Like almost everyone who uses e-mail, I receive a ton of spam every day. Much of it offers to help me get out of debt or get rich quick. It would be funny if it weren't so exciting.

Bill Gates, Microsoft

The Internet may have given us an unprecedented tool for locating and sharing information but it has also provided an unwelcome accomplice - unsolicited electronic commercial messages on a large scale, otherwise known as spam.

The Internet has provided us with a widely used communication tool in e-mail. Not all of us may surf the Net but many of us use e-mail to communicate. E-mail is nowadays an integral part of business communication. The more we have come to rely on its convenience and cost savings (with multiple e-mail accounts per person and more and more people around the world opening new domain accounts) - the more likely it was that we would open the doors to abuse of the technology. Some would say therefore that spam was, perhaps, inevitable.

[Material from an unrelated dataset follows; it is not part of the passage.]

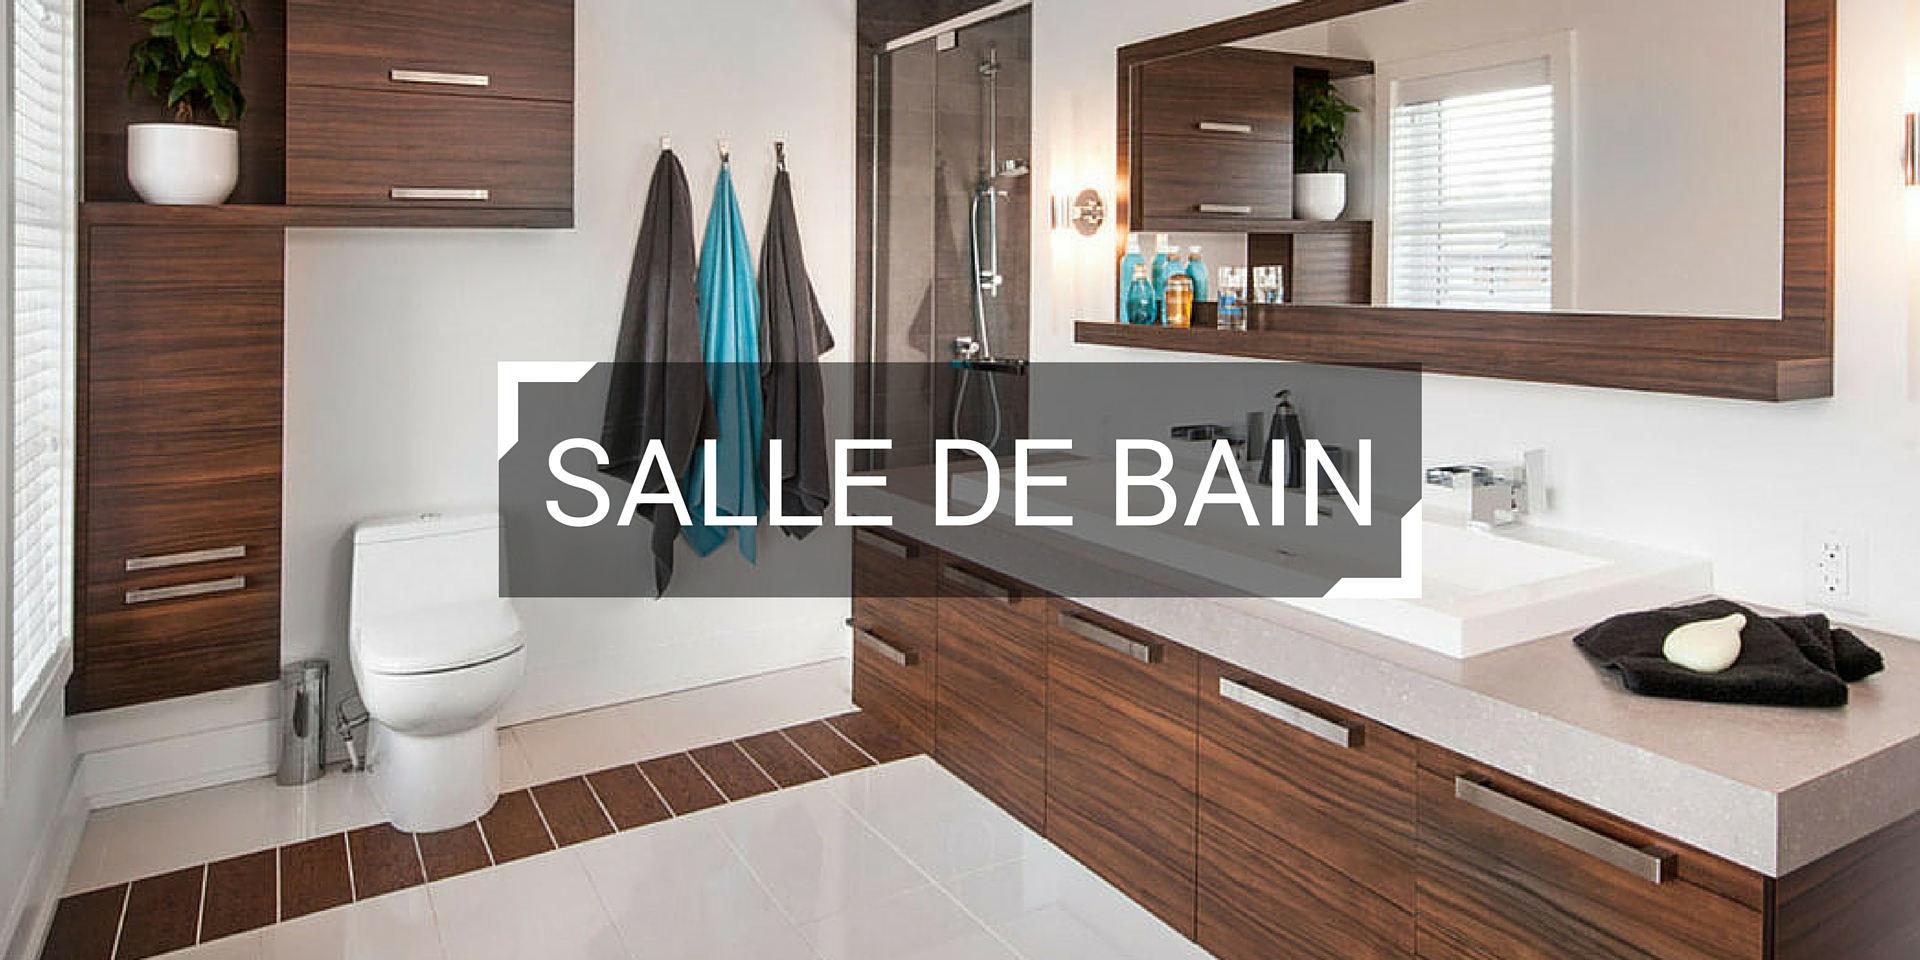 Pourquoi des meubles sur mesure pour la rénovation de salle de bain?

The debate centres on the following question: in a borderless environment how can individual countries protect the privacy rights of their citizens whilst still allowing legitimate e-marketing to occur?

Despite the difficulties, a number of countries have taken steps to tackle the problem. Solutions range from the 'Club Med' styled approach of self-regulation to a more militant line that involves the quartet of public education, enhanced powers of ISPs, technological measures, and legisl...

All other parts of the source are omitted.